MATERIAL PROVIDED ->
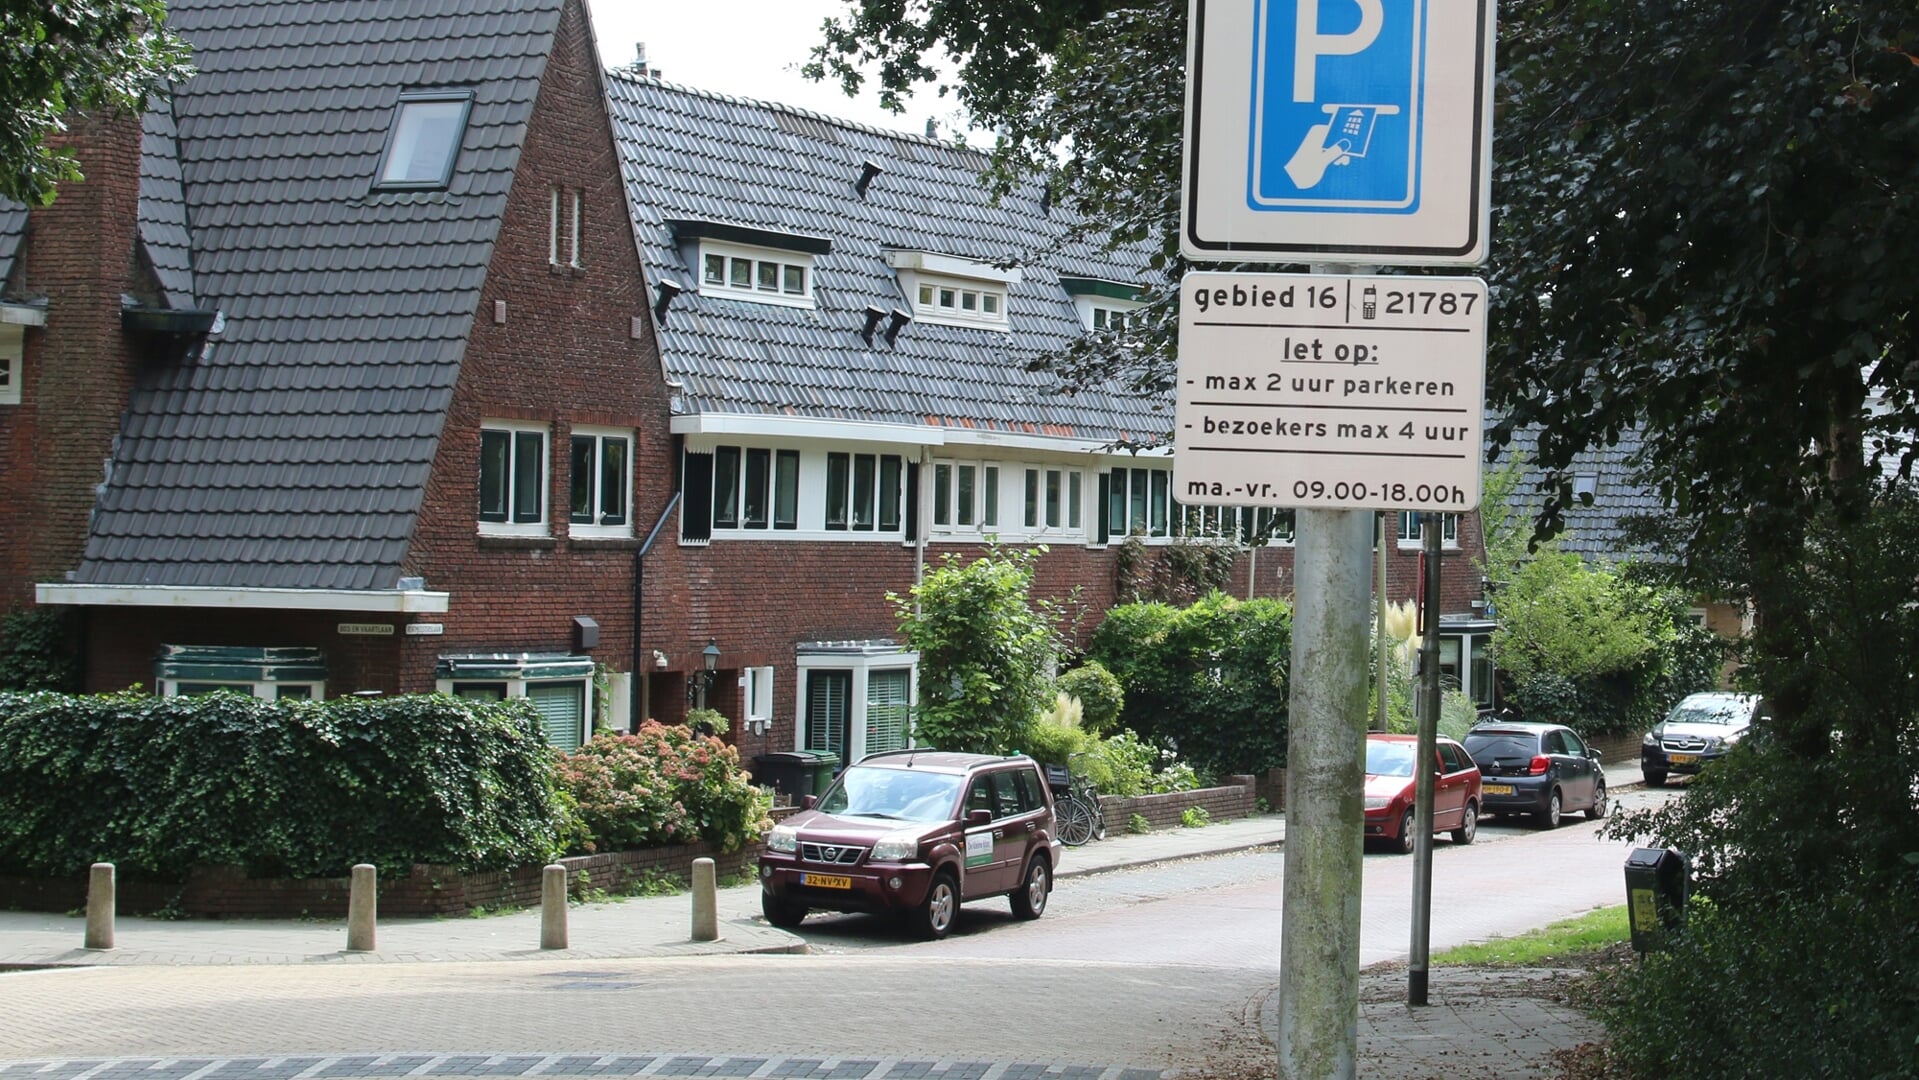 Randwijck is een van de wijken met een hoge gemiddelde WOZ-waarde (587.102 euro).
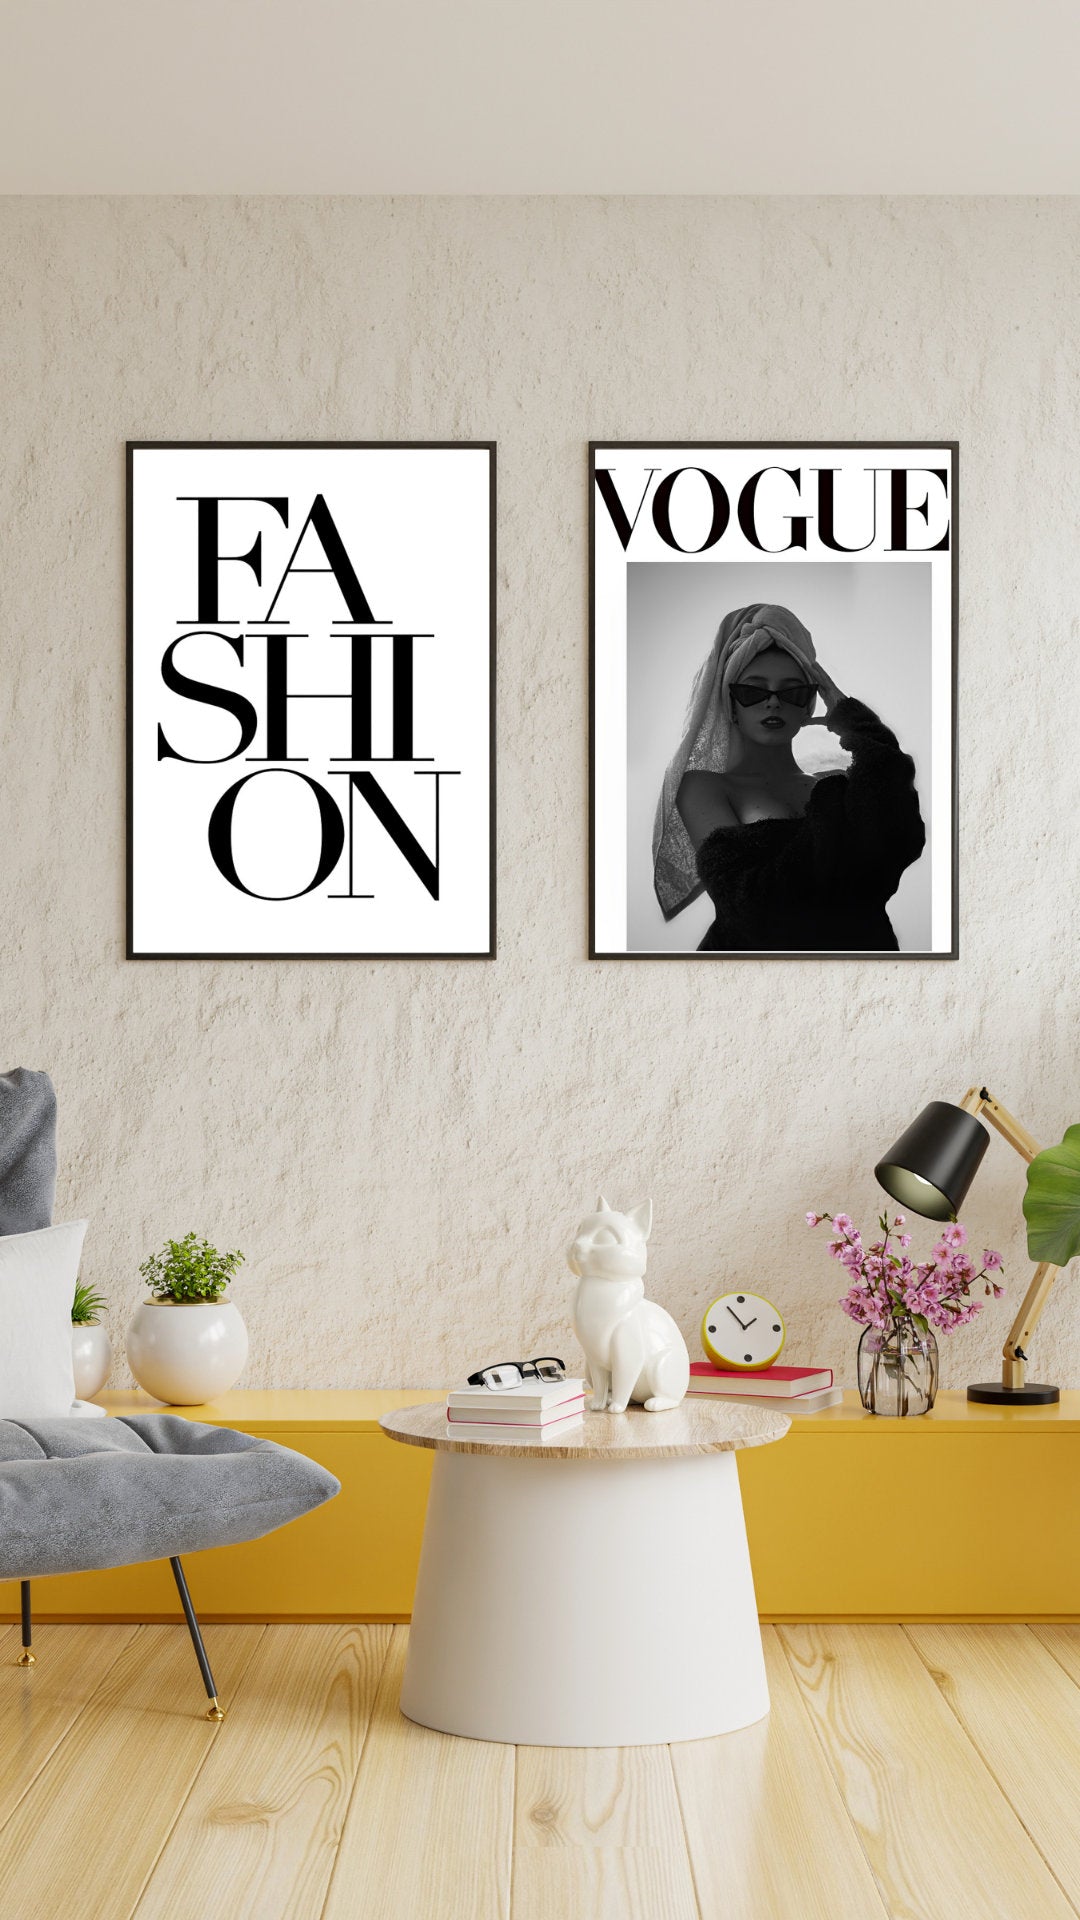 Wall Art Print, Vogue
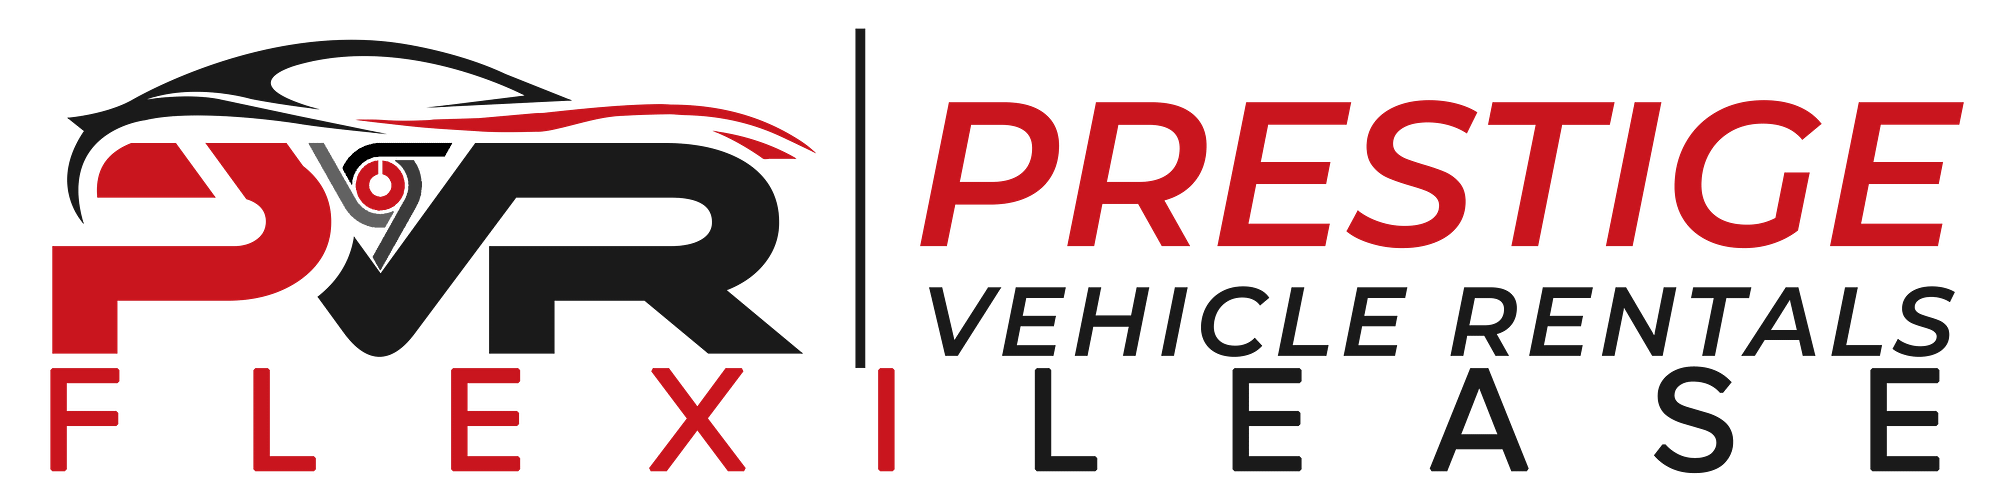 Prestige Vehicle Rentals
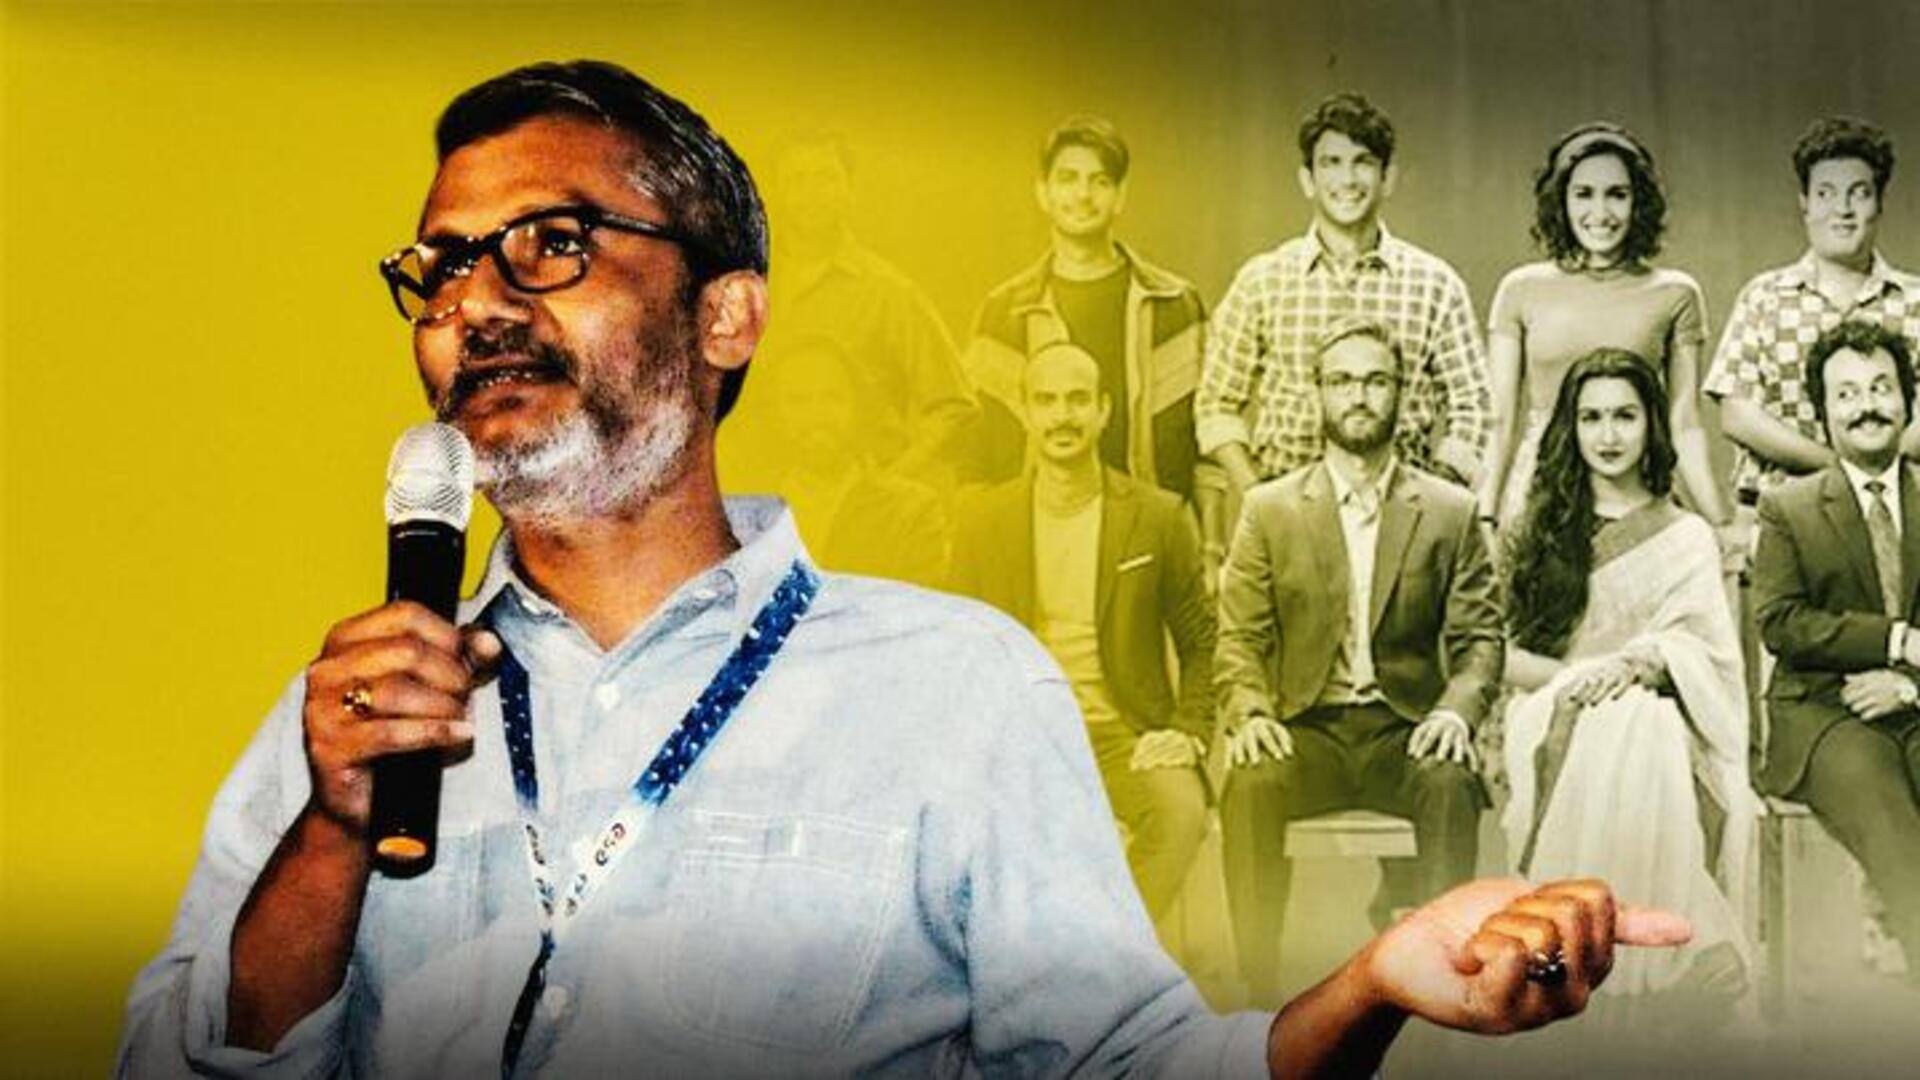 सुशांत की फिल्म 'छिछोरे' का सीक्वल जल्द आएगा, दूसरी किस्त लाने को तैयार निर्देशक नितेश तिवारी

WHAT IS NEEDED -> Word-for-word restatement: every line from the one with "Wall Art Print, Vogue" through the final line of the data, both ends included, pictures excluded.

ANSWER FOR THE TASK ->
 Wall Art Print, Vogue
 Prestige Vehicle Rentals
 सुशांत की फिल्म 'छिछोरे' का सीक्वल जल्द आएगा, दूसरी किस्त लाने को तैयार निर्देशक नितेश तिवारी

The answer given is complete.